I don't really think so.

> It's pretty confusing to users. Or is there
> something wrong with the pci_config_pm_runtime_get() path in those
> config accessors?

It looks like in this particular case the device does not resume or we
don't wait for long enough for it to resume.

Or the write returns all ones for a different reason.

>> On Wed, May 30, 2018 at 07:41:35AM -0700, Bjorn Helgaas wrote:
>> > [+cc linux-pci, linux-kernel, linux-pm]
>> >
>> > I'm not sure I understand the problem yet, so please correct me if I'm wrong:
>> >
>> > - Your system has both Nvidia and Intel graphics devices
>> >
>> > - When you use Intel graphics, lspci, lshw, and /proc/bus/pci for
>> > the Nvidia device show invalid data (0xff) after suspend/resume
>> >
>> > - When you use Nvidia graphics, suspend/resume doesn't work (instead
>> > of resuming, you just get a blank screen)
>> >
>> > Can you attach the output of "sudo lspci -vv" to the bugzilla, please?
>> >
>> > ---------- Forwarded message ---------
>> > From: <bugzilla-daemon@xxxxxxxxxxxxxxxxxxx>
>> > Date: Tue, May 29, 2018 at 1:29 PM
>> > Subject: [Bug 199879] New: Very basic the Pci device is not resumed
>> > from suspend mode
>> > To: <bhelgaas@xxxxxxxxxx>
>> >
>> >
>> > https://bugzilla.kernel.org/show_bug.cgi?id=199879
>> >
>> > Bug ID: 199879
>> > Summary: Very basic the Pci device is not resumed from suspend
>> > mode
>> > Product: Drivers
>> > Version: 2.5
>> > Kernel Version: kernel-4.15.17
>> > Hardware: x86-64
>> > OS: Linux
>> > Tree: Mainline
>> > Status: NEW
>> > Severity: high
>> > Priority: P1
>> > Component: PCI
>> > Assignee: drivers_pci@xxxxxxxxxxxxxxxxxxxx
>> > Reporter: uzg@xxxxx
>> > Regression: No
>> >
>> > Hi, I have problem with very basic device.
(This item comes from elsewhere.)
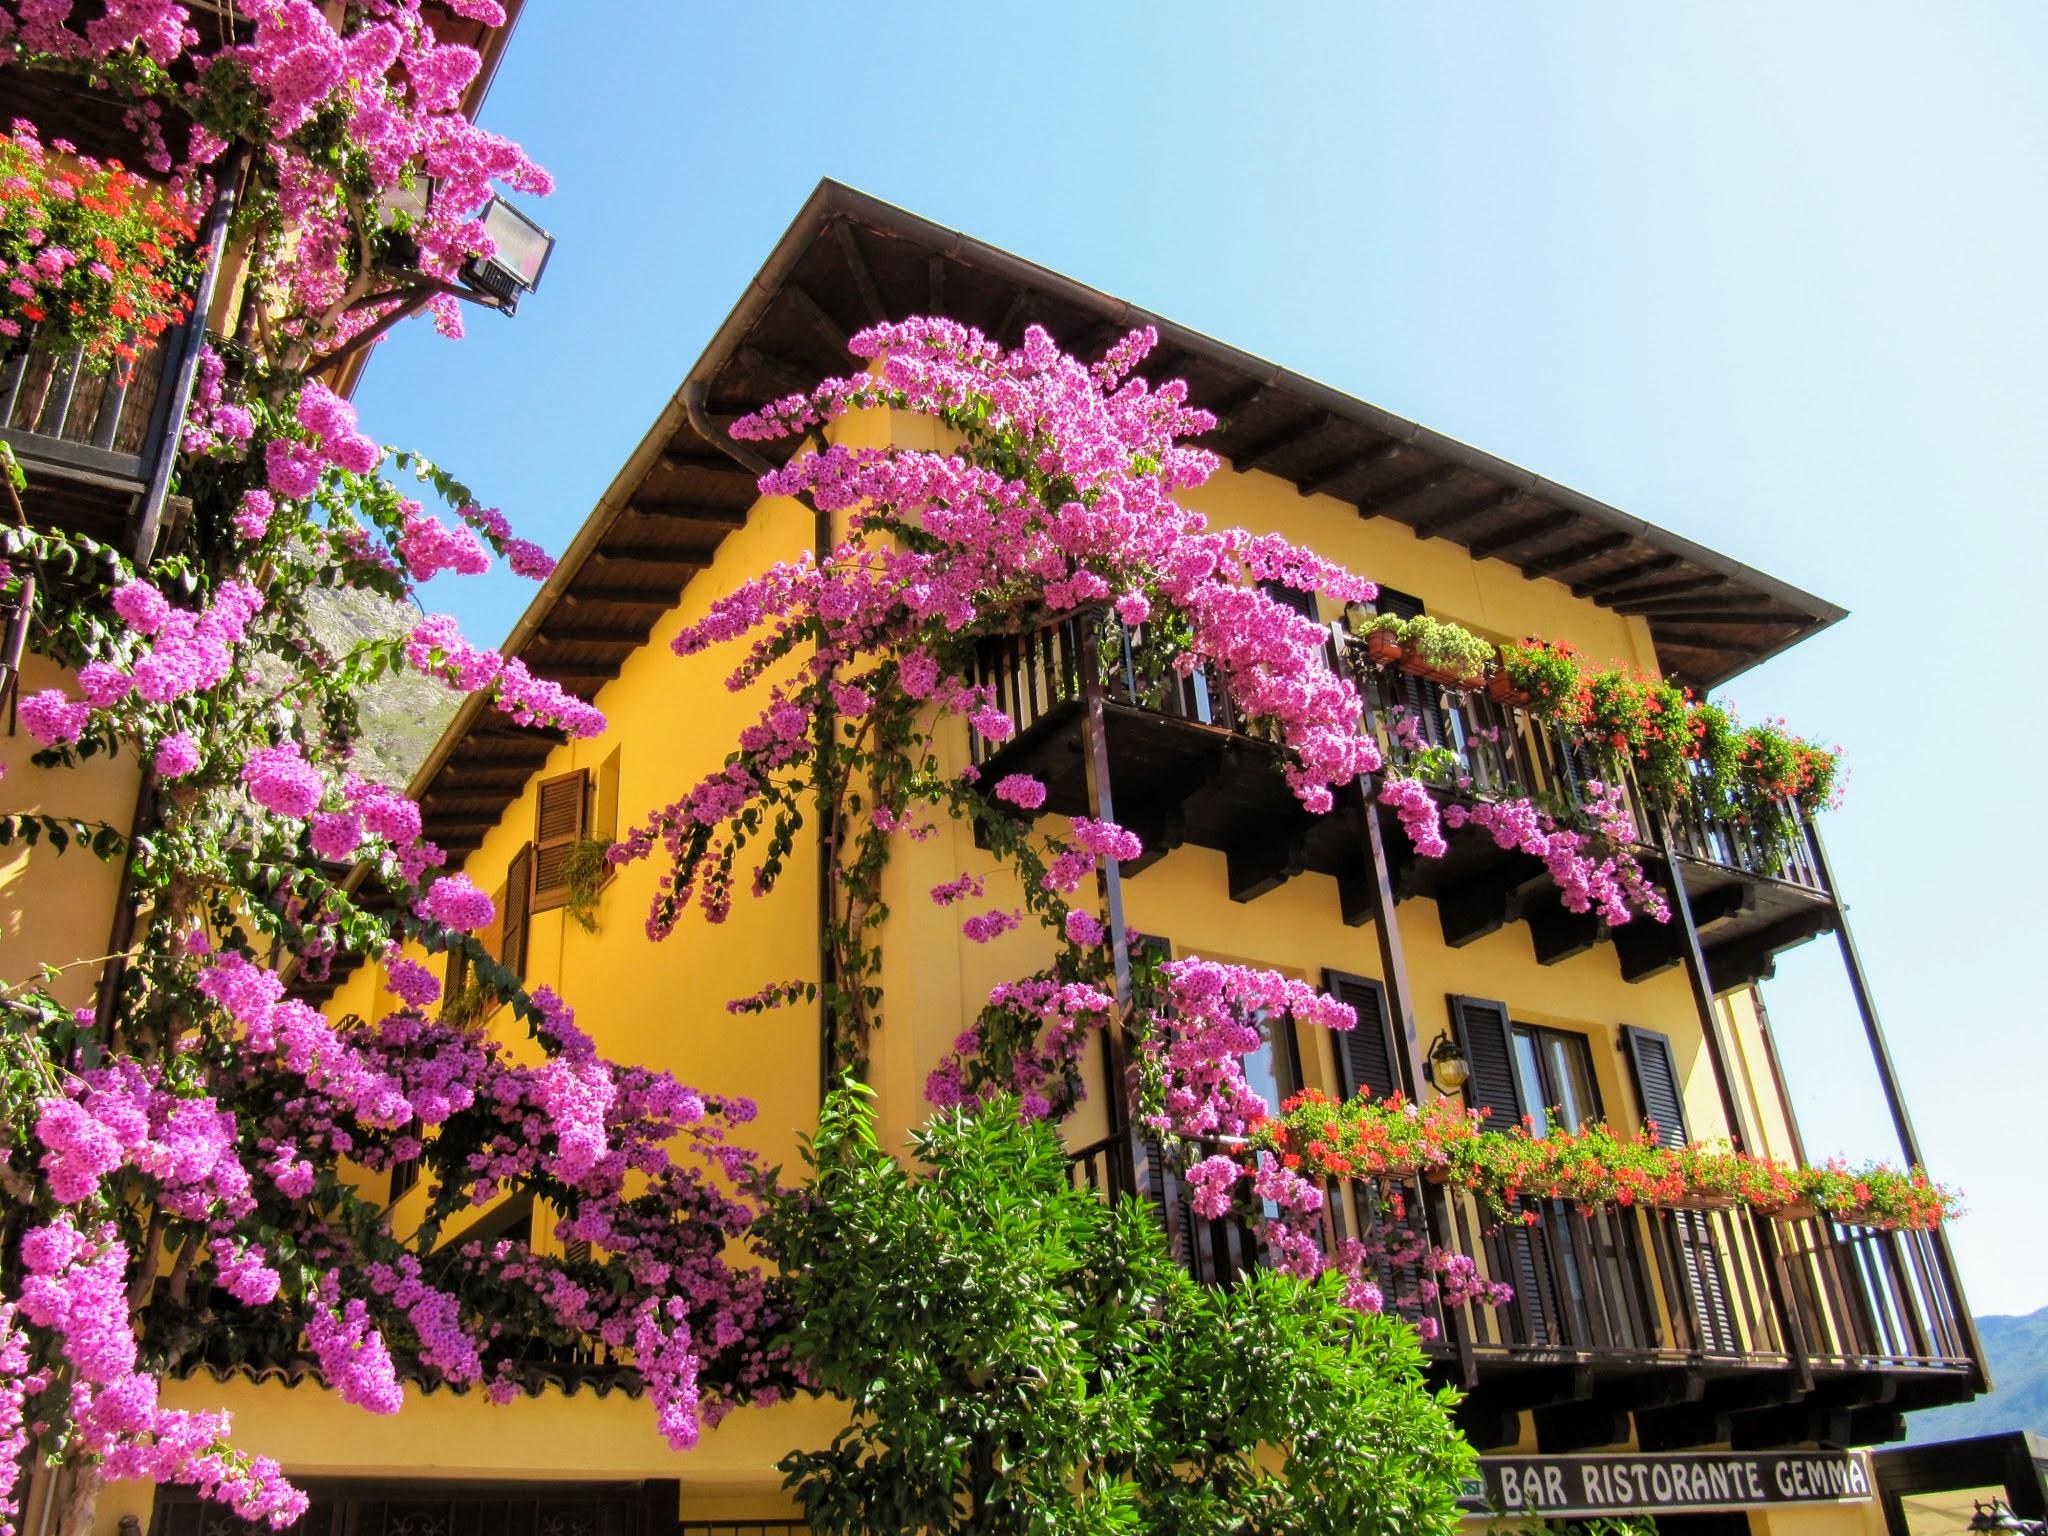 Gekleurde gevels in Limone sul Garda met bougainville

Device pci-e not resume from
>> > suspend. Only sleep.
>> >
>> > I have a problem with anyone interested in it, because everyone thinks it is
>> > the fault of the device drivers themselves. But this is not a problem.
>> >
>> > This device is a basic device. I've already installed drivers on various
>> > hardware and it has always been ok, but not this time.
>> >
>> > I'm an electronics technician. After diagnosing what I managed, in my opinion
>> > the device remains asleep.
>> >
>> > Where does my application come from?
>> > I have multiuser mode and I do not use this device. After suspend lspci and
>> > lshw show normal data. Normal data is in /proc/bus/pci/...
>> > Next suspend and resume, and...
>> > lspci see hardware, but is error
>> > lshw see hardware as undefined device
>> > data in /proc/bus/pci/... is only 0xFF
>> > Hardware sleep, not work, not ready. This is bug.
>> >
>> > But since the problem concerns the graphics card in the configuration with the
>> > second default Intel card, everyone thinks that this is another driver problem
>> > as always and nobody wants to take a look at it :(
>> >
>> > The problem is easy to recognize. On the internet, I've seen a lot of
>> > unresolved problems in which I could see exactly what I found.
>> >
>> > My hardware is Lenovo with NVidia and Intel Graphics. Problem is with NVidia. I
>> > tested Z710 and Z50-70. The first symptom of the problem is lspci in multiuser
>> > mode (or when is XServer with intel graphics). After suspend NVidia have e.g
>> > "rev. A1", after resume is "rev. FF". Next symptom lshw and /proc/bus/pci/...
>> > When system started with normal NVidia driver, system not resume and halt, only
>> > black screen.
>> >
>> > There are many examples on the Internet with unsolved problems e.g
>> > https://www.lwks.com/index.php?option=com_kunena&func=view&catid=21&id=124374&Itemid=81
>> >
>> > --
>> > You are receiving this mail because:
>> > You are watching the assignee of the bug.